#### Task objective:
Please write out the whole listing that follows exactly; the pictures stay out.
═══ Source material ═══
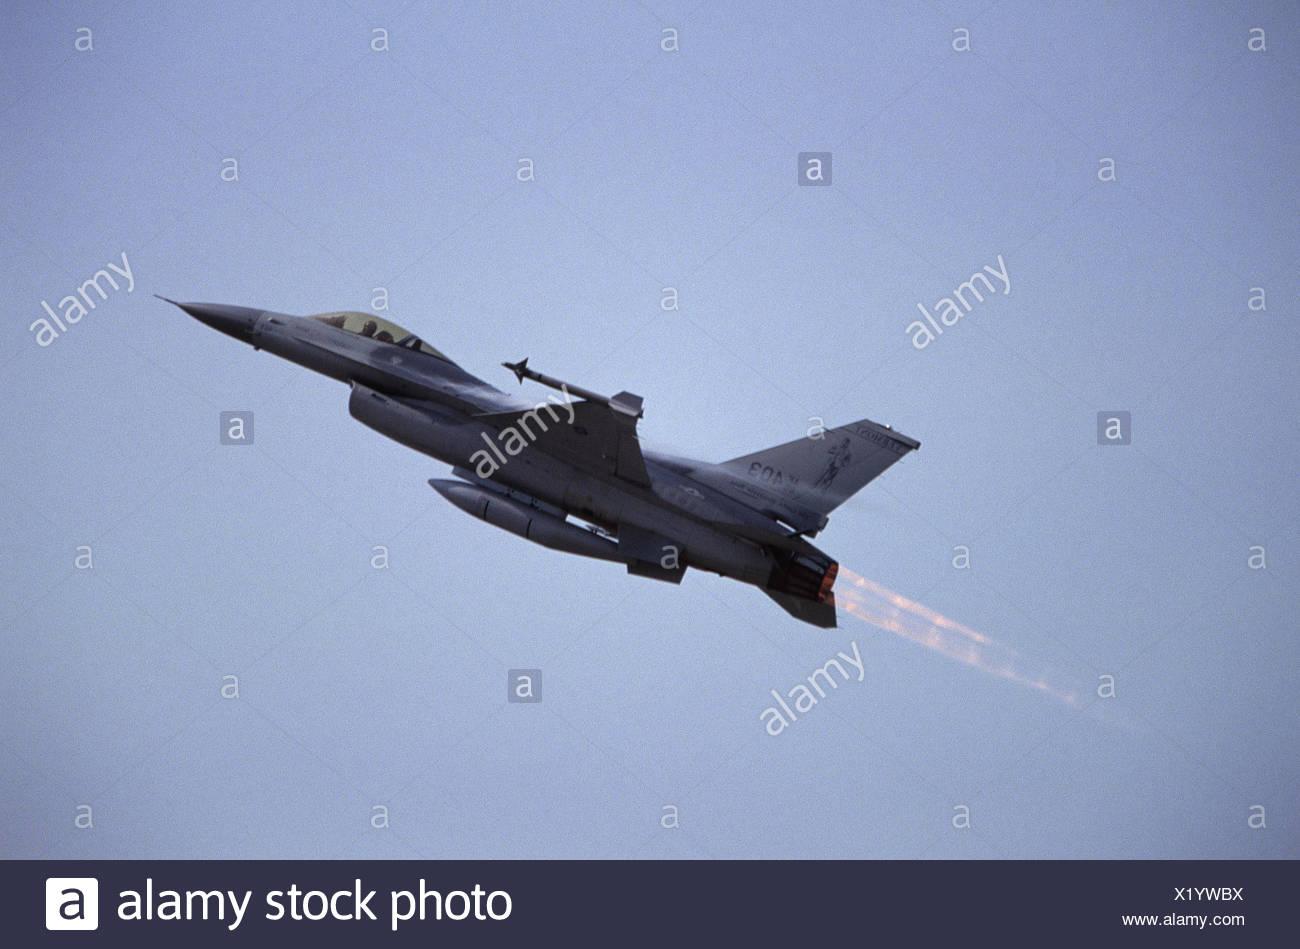 Niedlich Flugzeug Sicherheitsdraht Spannschlösser Technik Bilder ...
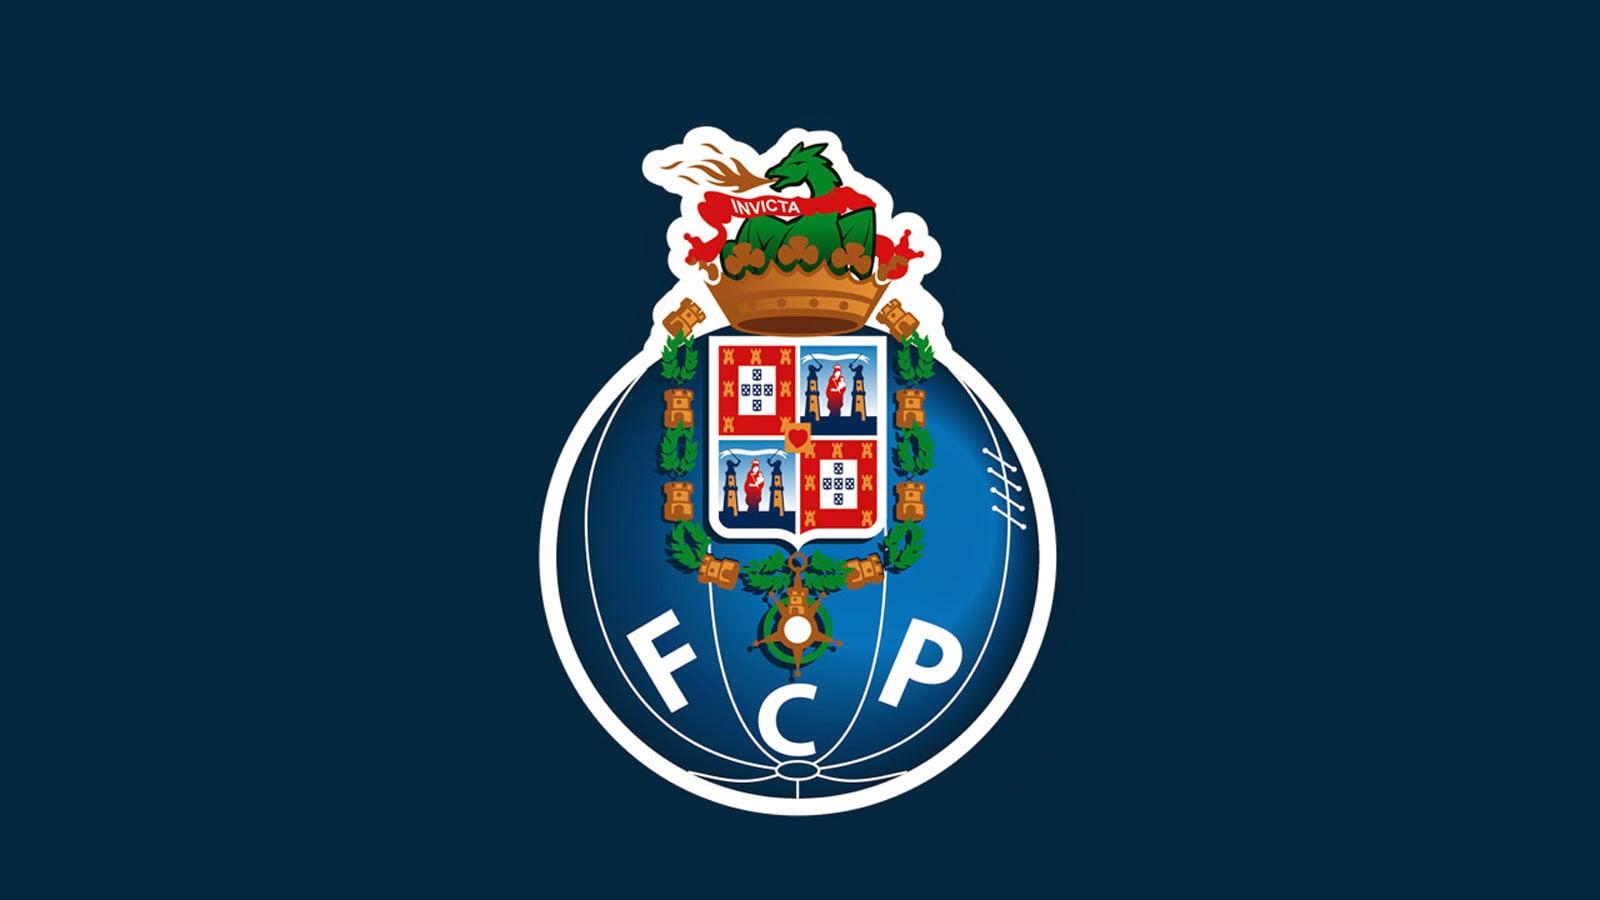 بورتو البرتغالي يعلن عن ضم مهاجم جديد سيرتدي رقم 10
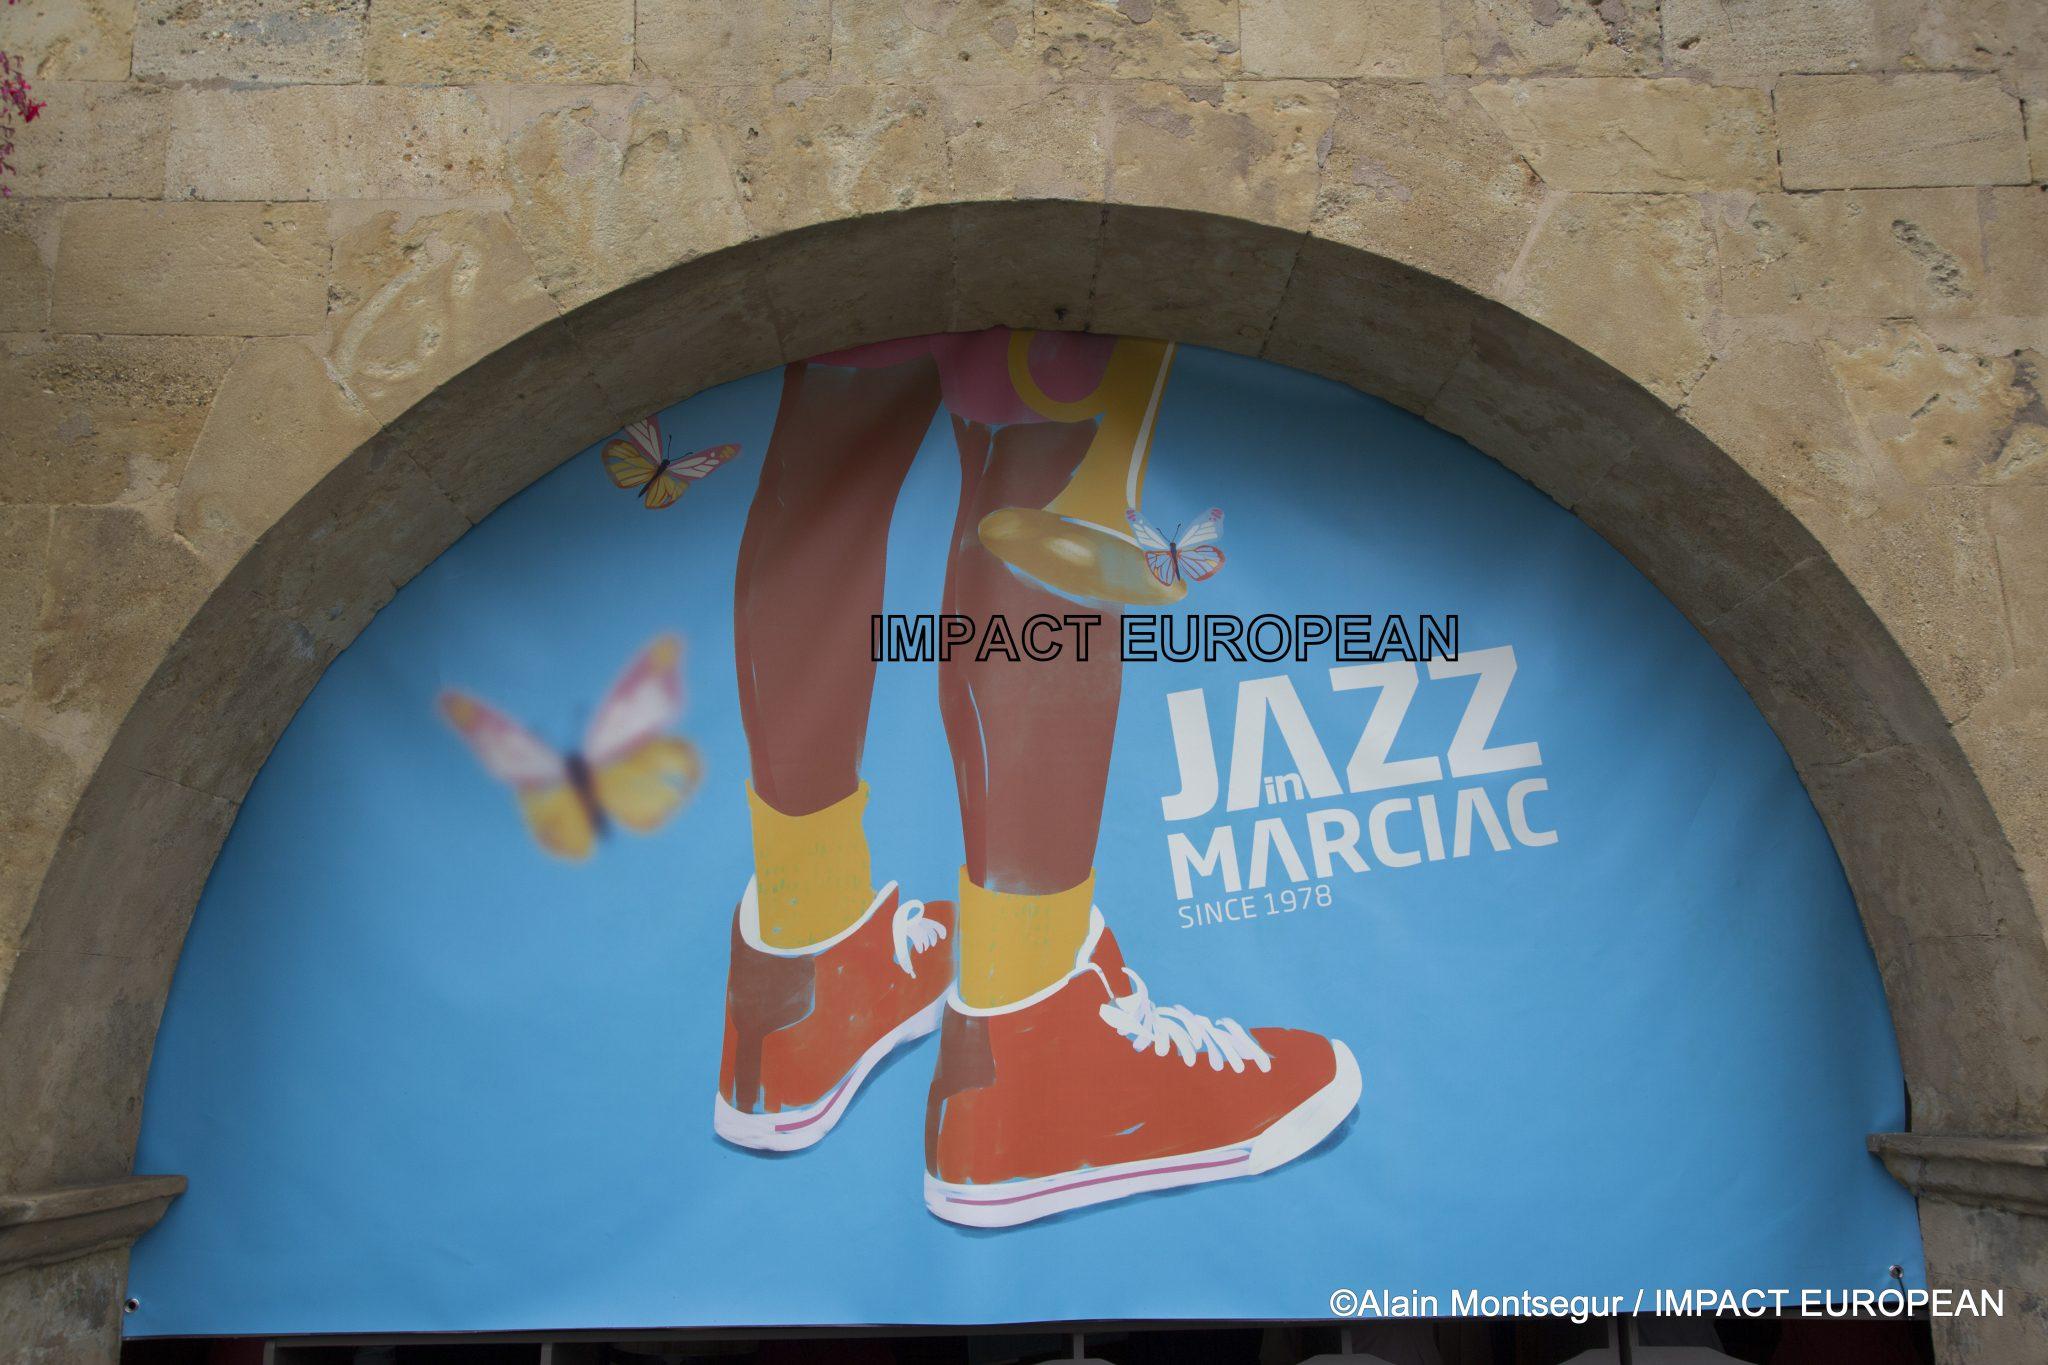 George Benson au Festival de jazz de Marciac
═══
#### Finished exercise:
 Niedlich Flugzeug Sicherheitsdraht Spannschlösser Technik Bilder ...
 بورتو البرتغالي يعلن عن ضم مهاجم جديد سيرتدي رقم 10
 George Benson au Festival de jazz de Marciac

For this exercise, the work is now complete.